The above will provide you with a good level of security but you could could consider so extra additions to make your home even more secure.
Additional door security could also include the following.
- Door viewer- If you dont have a glass door or another way of checking, just who is calling on you, you can fit a viewer in to your front door. A locksmith, should be able to assist you with this and many modern doors, come with a viewer already fitted.
- Letterboxes – One of the first things a thief checks for, is the key that is hanging on a piece of string through the letter box, they also look through to see if you have left the keys on the mat, many keys have been retried this way using a simple telescopic device. Letterboxes should be at least 400mm (16 inches) from any locks and you should consider fitting your letter box with a cage or restrictor, this prevents thieves from trying to reach in and unlock the door, when you are at home.
- Door Hinges -Check that your door hinges are sturdy and secured with strong, long screws. For added security, fit hinge bolts. These are inexpensive and will help to reinforce the hinge side of a door against force. Hinge bolts or security hinges are especially important if your door opens outwards.

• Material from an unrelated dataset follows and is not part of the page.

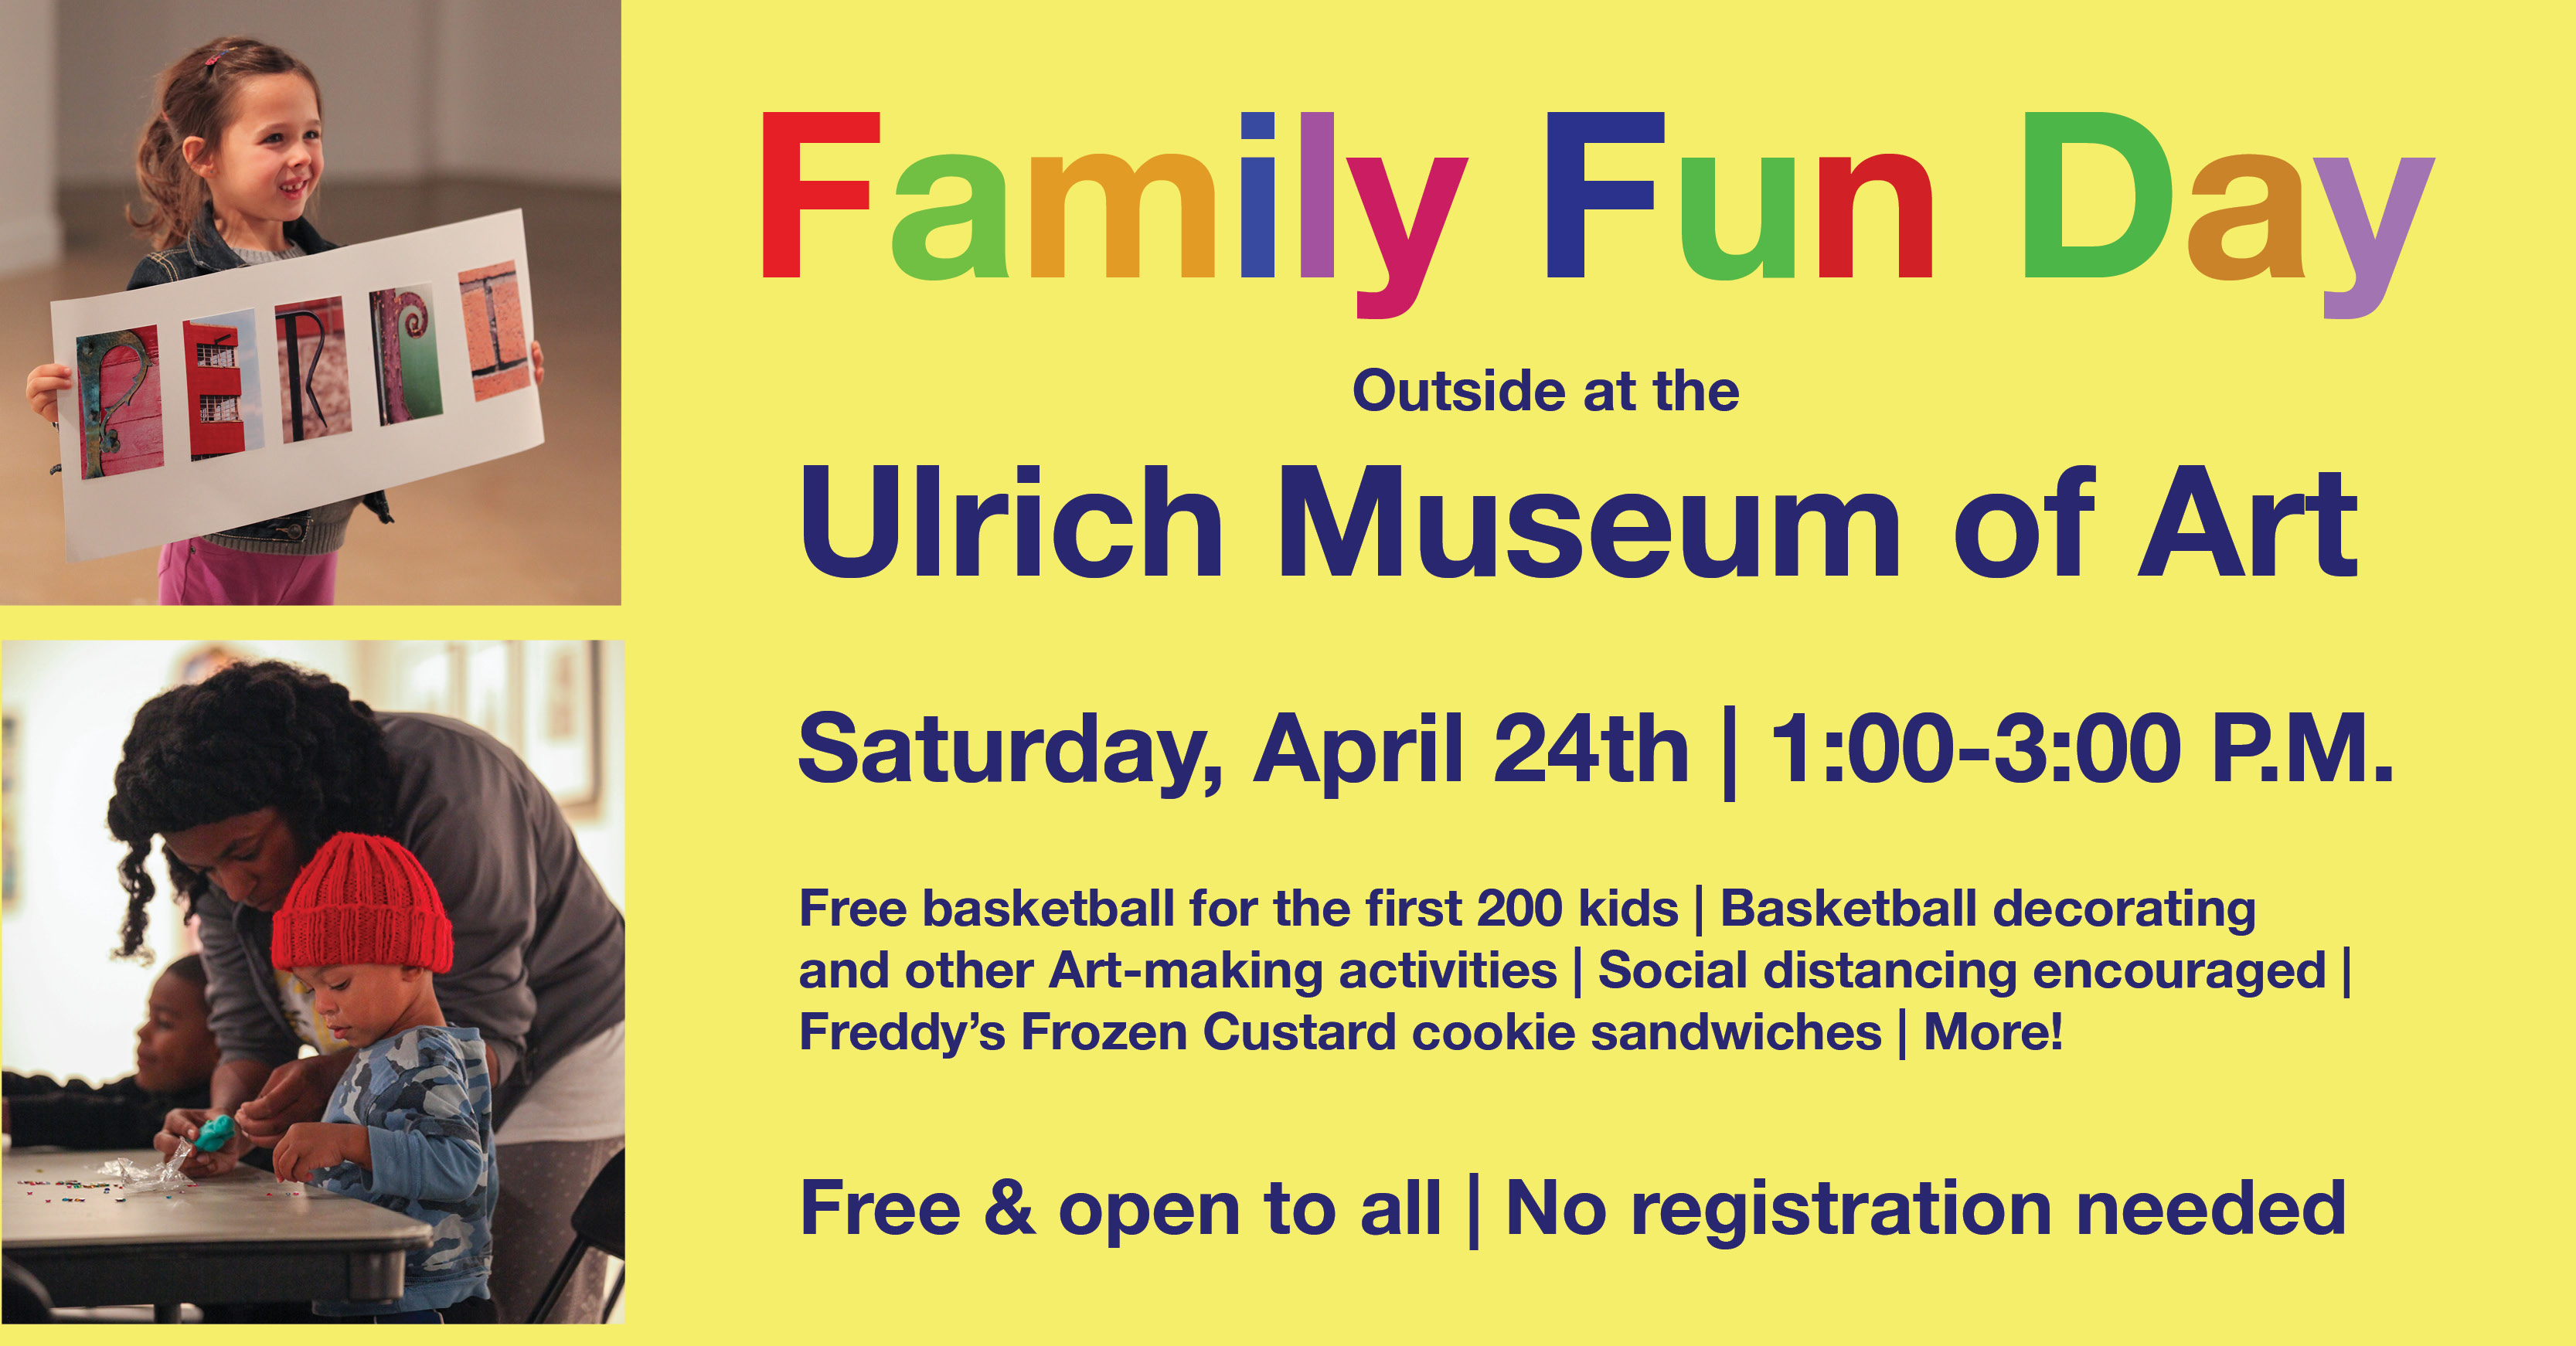 Family Fun Day outside at the Ulrich Museum. Saturday, April 24th, 1-3 P.M. Free basketball for the first 200 kids, Basketball decorating and other Art-making activities, Social distancing encouraged, Freddy’s Frozen Custard cookie sandwiches, and more! Free and open to all. No registration required.

- Door Chains – A door chain is fairly inexpensive and eay to fit and can provide you with good security, you can open your door to talk to someone and they wont be able to gain entry unless you un secure the chain. For safety reasons, the chain should be used when answering the door, not when you are in the property.

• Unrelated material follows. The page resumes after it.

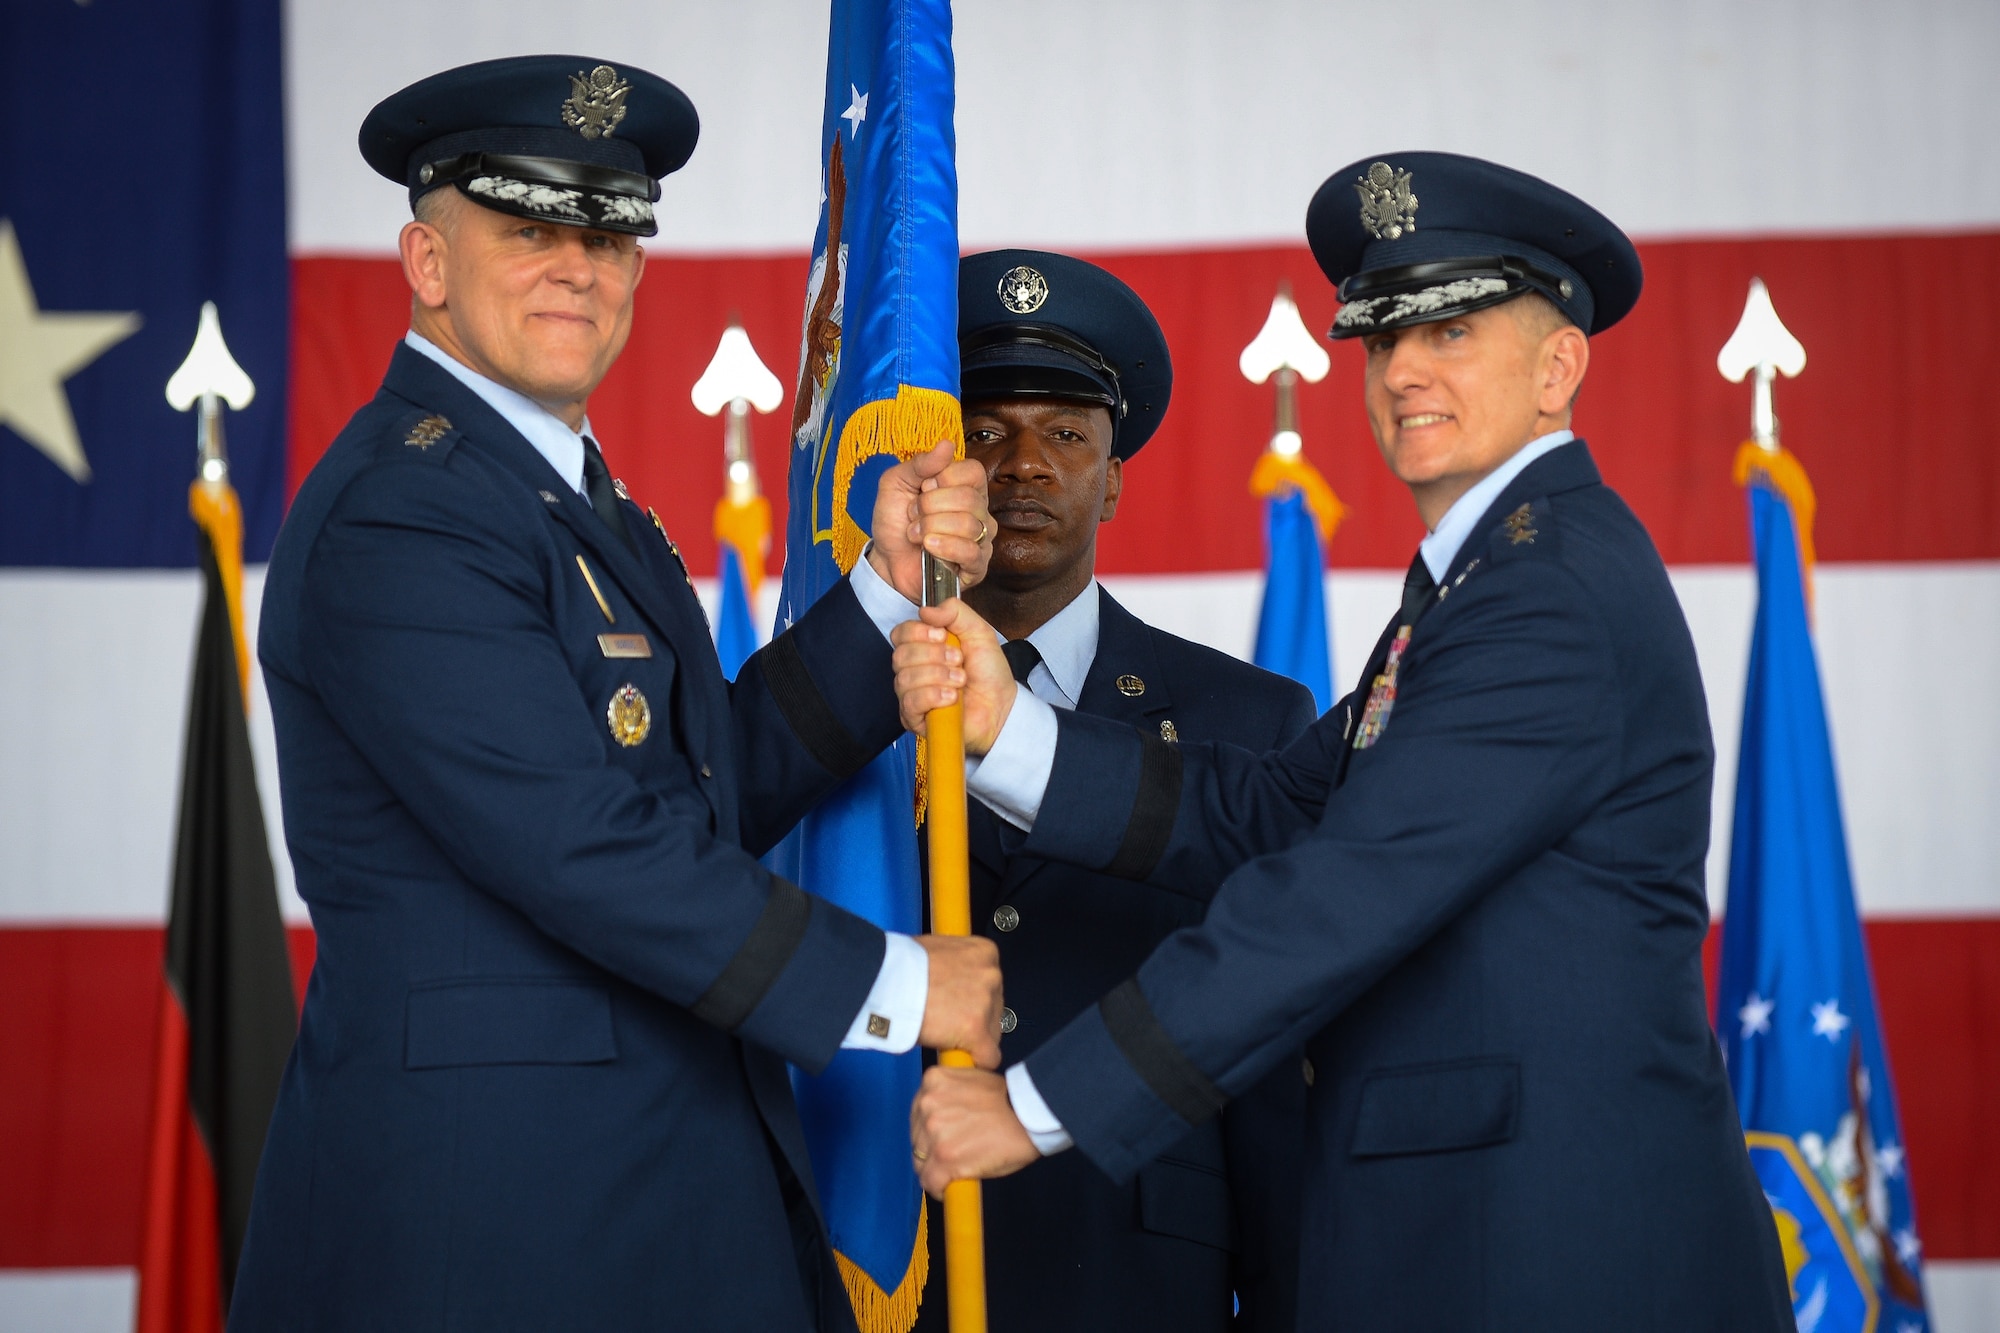 Lt. Gen. Timothy M. Ray, Third Air Force and 17th Expeditionary Air Force incoming commander, takes the guidon from, Gen. Frank Gorenc, U.S. Air Forces in Europe and U.S. Air Forces Africa commander July 2, 2015, at Ramstein Air Base, Germany.  It is military tradition that a guidon is exchanged between commanders to symbolize the passing of command. (U.S. Air Force photo/Senior Airman Nicole Sikorski)

- Glass Panels-Glass panels on or around doors are especially vulnerable, so consider replacing them with laminated glass. Or, you can buy a special film to stick to the inside which is more cost effective.
Window security – whilst your doors are the preferred mode of entry to a property by a burglar, they will use windows if there is no other entrance point. If you are having your windows replaced, talk to the glazing company to ensure that your new windows are secure, ask if they meet British Standard BS7950 Windows of Enhanced Security. If you have French or Patio doors, as well as the usual locking device, these should be fitted with key operated bolts at the top and bottom.

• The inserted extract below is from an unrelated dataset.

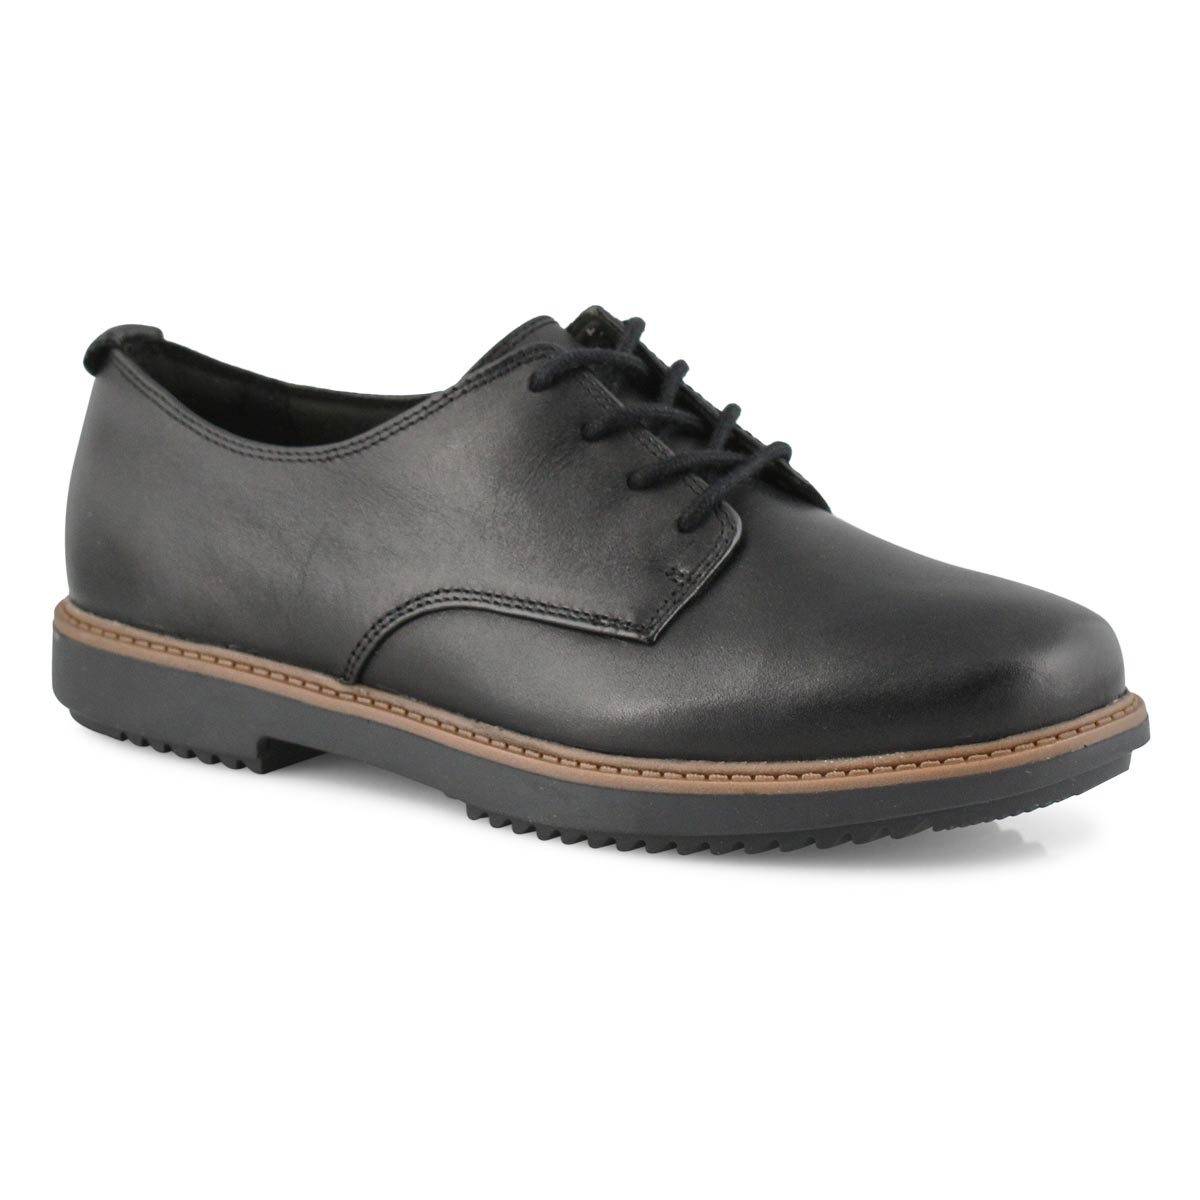 oxford shoe casual

Whilst it is more pertinent to have window locks on downstairs and accessible windows, if the cost is not prohibitive, you could have them fitted upstairs as well. Window locks also provide a good visible deterrent, unless he is prepared to take the window out of the frame, the thief would have to smash the glass and this may draw attention to his actions.
It is far easier to have the locks fitted when your windows installed and by doing this you will not have to worry about compromising any window warranty. For older style windows, you can buy window locking kits at almost any DIY store and fit them yourself. Remember to consider small windows as well, a thief can fit through a space that is the a little larger than the size of a human head. Remember to keep windows locked. Remove the keys and keep them out of sight in a safe place.
Keys – there are a few golden rules relating to keys which should be followed.
- Avoid leaving a spare key in a hiding place, under the doormat, under the milk bottle holder or in a plant pot near the house, these are all places that a thief will look within the first few moments of targeting your home.
- If you are moving in to a new property, invest in upgrading the security and have all the locks changed. Use a local approved locksmith
- Avoid, leaving keys in the porch window, on a window ledge or on the doormat, keep your keys in safe place preferably a key cabinet.